Show debug status of cluster scaling.
$ cloudtik debug-status /path/to/your-cluster-config.yaml
======== Cluster Scaler status: 2022-05-12 08:46:49.897707 ========
Node status
-------------------------------------------------------------------
Healthy:
1 head-default
1 worker-default
Pending:
(no pending nodes)
Recent failures:
(no failures)
Check if this cluster is healthy.
$ cloudtik health-check /path/to/your-cluster-config.yaml
Cluster is healthy.
Attach to Cluster Nodes
Connect to a terminal of cluster head node.
cloudtik attach /path/to/your-cluster-config.yaml
Then you will log in to head node of the cluster vis SSH as below
$ cloudtik attach /path/to/your-cluster-config.yaml
(base) ubuntu@cloudtik-example-head-a7xxxxxx-compute:~$
Log in to a worker node with --node-ip
as below.
$ cloudtik attach --node-ip 10.0.x.x /path/to/your-cluster-config.yaml
(base) ubuntu@cloudtik-example-worker-150xxxxx-compute:~$
Execute and Submit Jobs
Execute a command via SSH on head node.
cloudtik exec /path/to/your-cluster-config.yaml [CMD]
For example, list the items under $USER directory as below.
$ cloudtik exec /path/to/your-cluster-config.yaml ls
anaconda3 cloudtik_bootstrap_config.yaml cloudtik_bootstrap_key.pem jupyter runtime
Execute commands on specified worker node
cloudtik exec --node-ip x.x.x.x /path/to/your-cluster-config.yaml [CMD]
Execute commands on all nodes
cloudtik exec --all-nodes /path/to/your-cluster-config.yaml [CMD]
Submit job to cluster to run.
cloudtik submit [OPTIONS] /path/to/your-cluster-config.yaml SCRIPT [SCRIPT_ARGS]
Run TPC-DS on Spark cluster
Here is an example of how to use cloudtik submit
to run TPC-DS on the created cluster.
1. Creating a cluster
To generate data and run TPC-DS on a cluster, some extra tools need be installed to nodes within cluster setup steps. We provide a script to simplify the installation of these dependencies. You only need to add the following bootstrap_commands to the cluster configuration file.
bootstrap_commands:
- wget -O ~/bootstrap-benchmark.sh https://raw.githubusercontent.com/oap-project/cloudtik/main/tools/benchmarks/spark/scripts/bootstrap-benchmark.sh &&
bash ~/bootstrap-benchmark.sh --tpcds
2. Generating data
We provided the datagen scala script which can be found from CloudTik’s ./tools/benchmarks/spark/scripts/tpcds-datagen.scala
for you to generate data in different size.

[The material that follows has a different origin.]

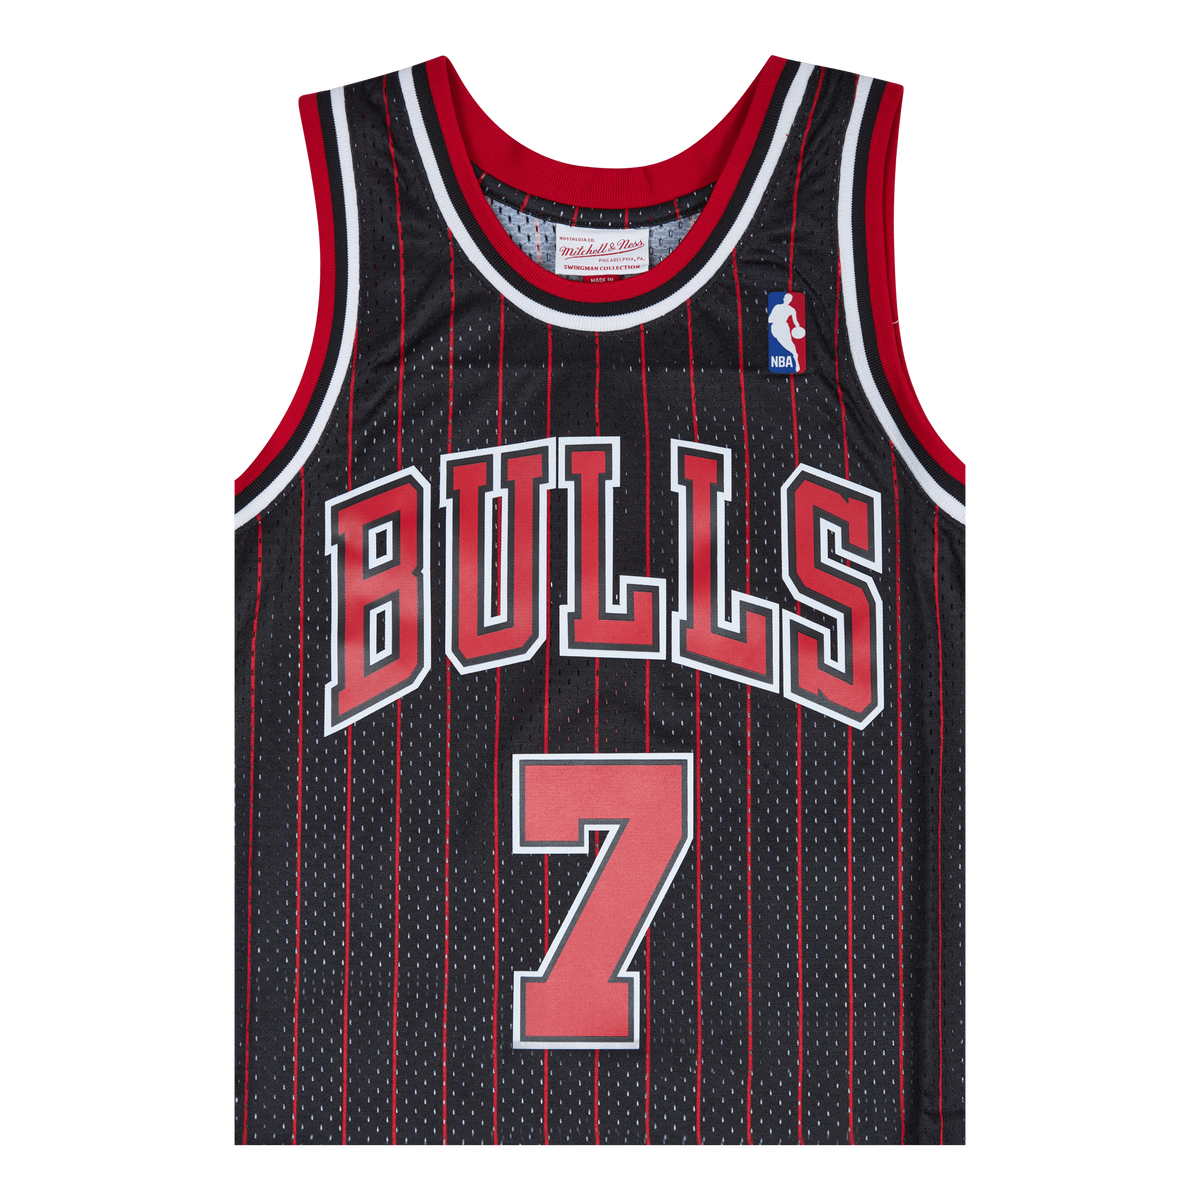 Bulls Swingman Jersey - Toni Kukoc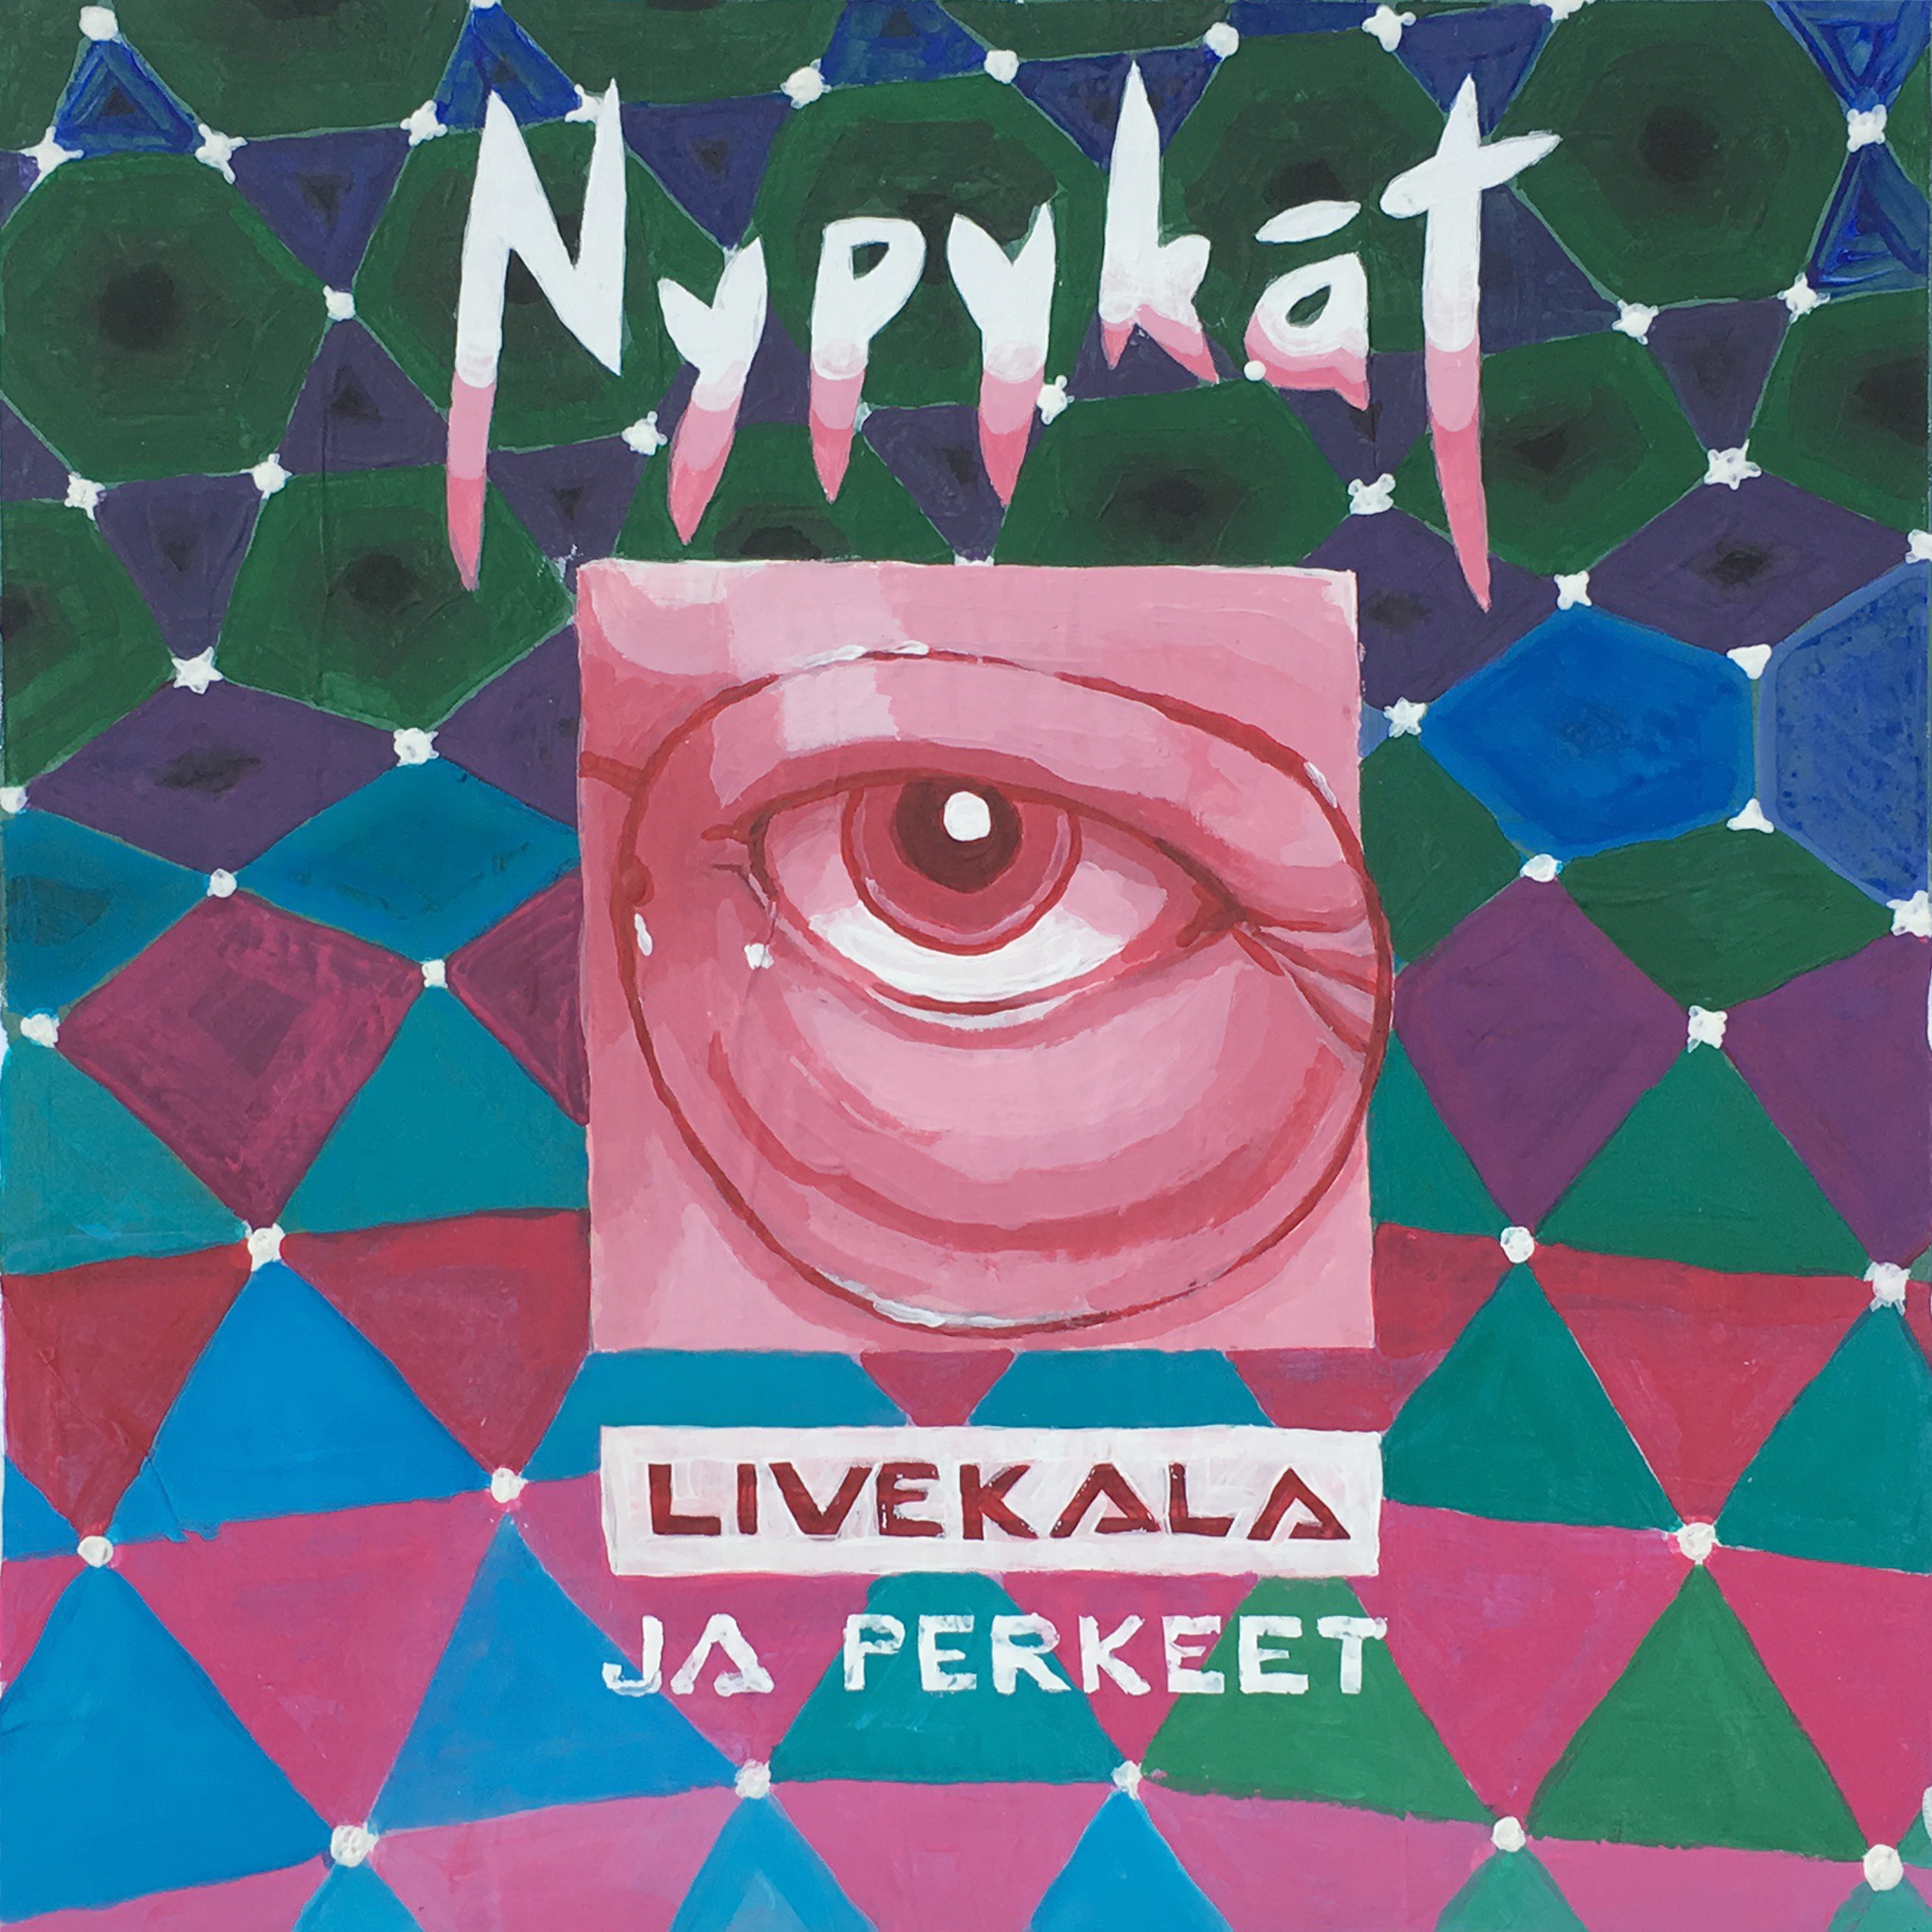 Nypyk t - Livekala ja perkeet - CD

Execute the following command to submit and run the script of generating data after the cluster’s all nodes are ready.
cloudtik submit /path/to/your-cluster-config.yaml $CLOUTIK_HOME/tools/benchmarks/spark/scripts/tpcds-datagen.scala --conf spark.driver.scaleFactor=1 --conf spark.driver.fsdir="s3a://s3_bucket_name" --jars \$HOME/runtime/benchmark-tools/spark-sql-perf/target/scala-2.12/spark-sql-perf_2.12-0.5.1-SNAPSHOT.jar
$CLOUTIK_HOME/tools/benchmarks/spark/scripts/tpcds-datagen.scala
is the script’s location on your working node.
spark.driver.scaleFactor=1
is to generate 1 GB data, you can change it by case.
spark.driver.fsdir="s3a://s3_bucket_name"
is to specify S3 bucket name, change it to your bucket link of cloud storage.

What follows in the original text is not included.